RasiRNA in the context of "Argonaute"

RNA silencing or RNA interference refers to a family of gene silencing effects by which gene expression is negatively regulated by non-coding RNAs such as microRNAs. RNA silencing may also be defined as sequence-specific regulation of gene expression triggered by double-stranded RNA (dsRNA). RNA silencing mechanisms are conserved among most eukaryotes. The most common and well-studied example is RNA interference (RNAi), in which endogenously expressed microRNA (miRNA) or exogenously derived small interfering RNA (siRNA) induces the degradation of complementary messenger RNA. Other classes of small RNA have been identified, including piwi-interacting RNA (piRNA) and its subspecies repeat associated small interfering RNA (rasiRNA).

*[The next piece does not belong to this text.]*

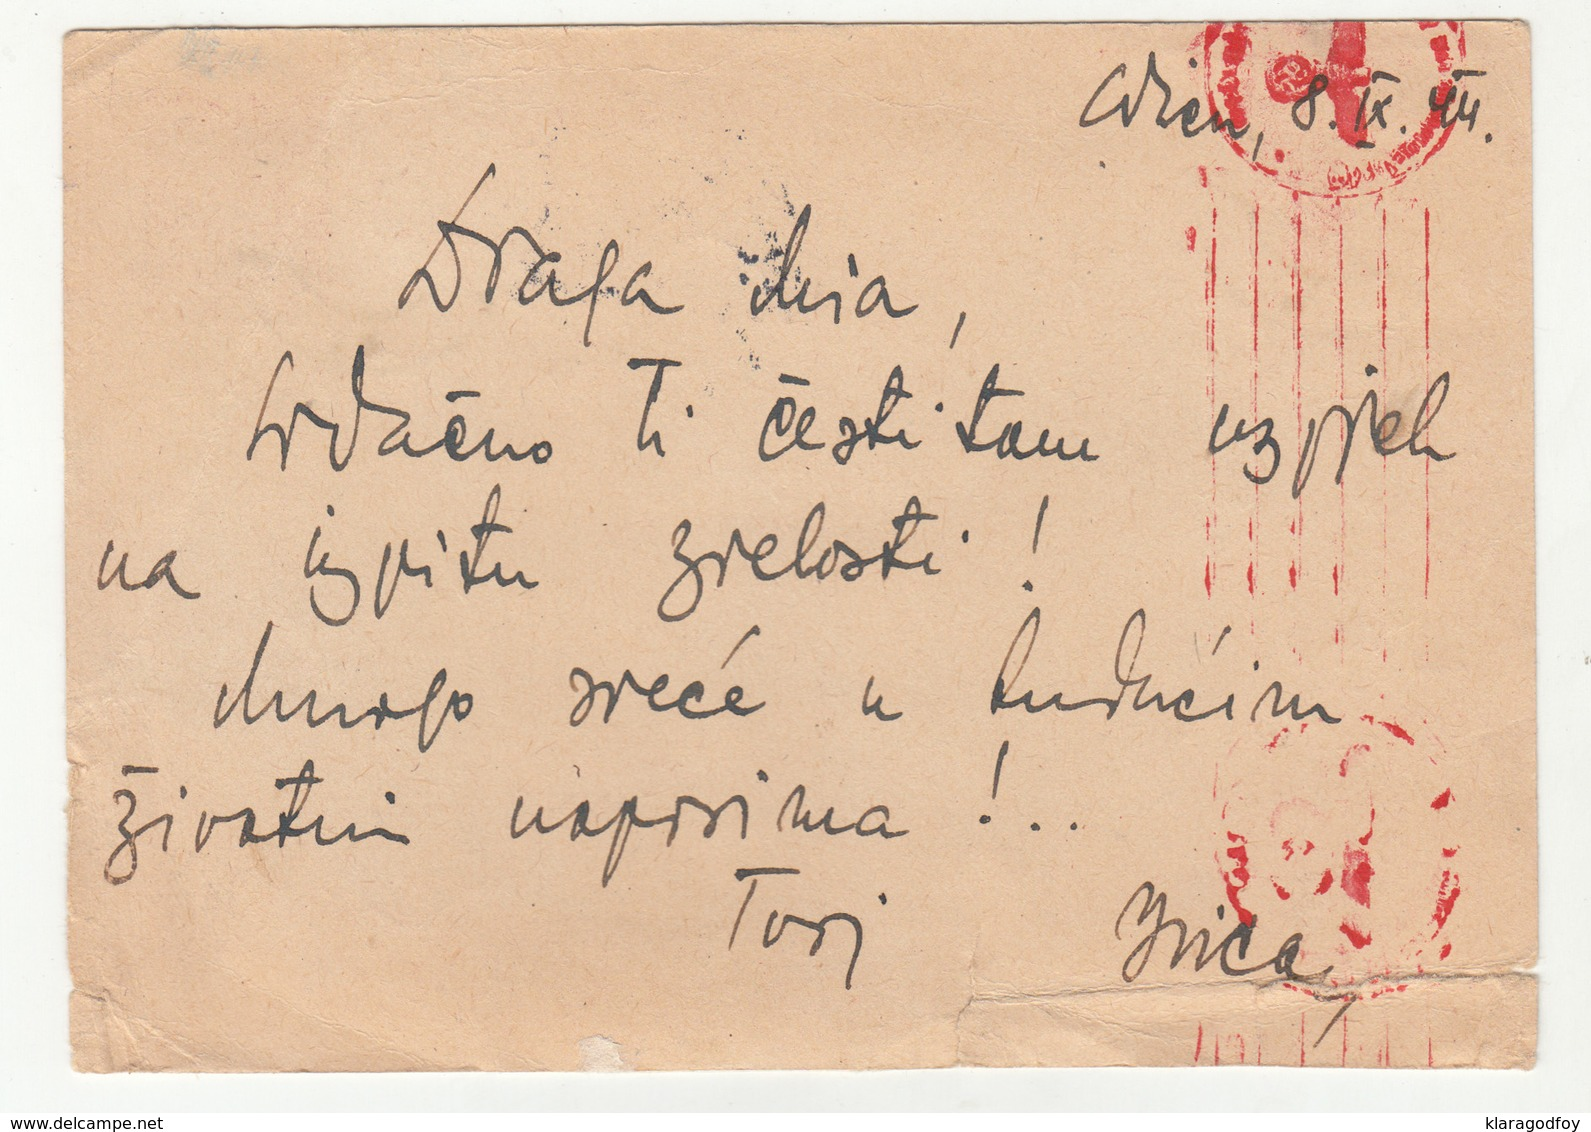 Germany Reich Postal Stationery Postcard Travelled 1944 Air Mail Wien To Hrvatski Karlovci Censored B190720 - Ganzsachen

Small RNA (sRNA) are polymeric RNA molecules that are less than 200 nucleotides in length, and are usually non-coding. RNA silencing is often a function of these molecules, with the most common and well-studied example being RNA interference (RNAi), in which endogenously (from within the organism) expressed microRNA (miRNA) or endogenously/exogenously (from outside the organism) derived small interfering RNA (siRNA) induces the degradation of complementary messenger RNA. Other classes of small RNA have been identified, including piwi-interacting RNA (piRNA) and its subspecies repeat associated small interfering RNA (rasiRNA). Small RNA "is unable to induce RNAi alone, and to accomplish the task it must form the core of the RNA–protein complex termed the RNA-induced silencing complex (RISC), specifically with Argonaute protein".

Small RNA have been detected or sequenced using a range of techniques, including directly by MicroRNA sequencing on several sequencing platforms, or indirectly through genome sequencing and analysis. Identification of miRNAs has been evaluated in detecting human disease, such as breast cancer. Peripheral blood mononuclear cell (PBMC) miRNA expression has been studied as potential biomarker for different neurological disorders such as Parkinson's disease, Multiple sclerosis. Evaluating small RNA is useful for certain kinds of study because its molecules "do not need to be fragmented prior to library preparation".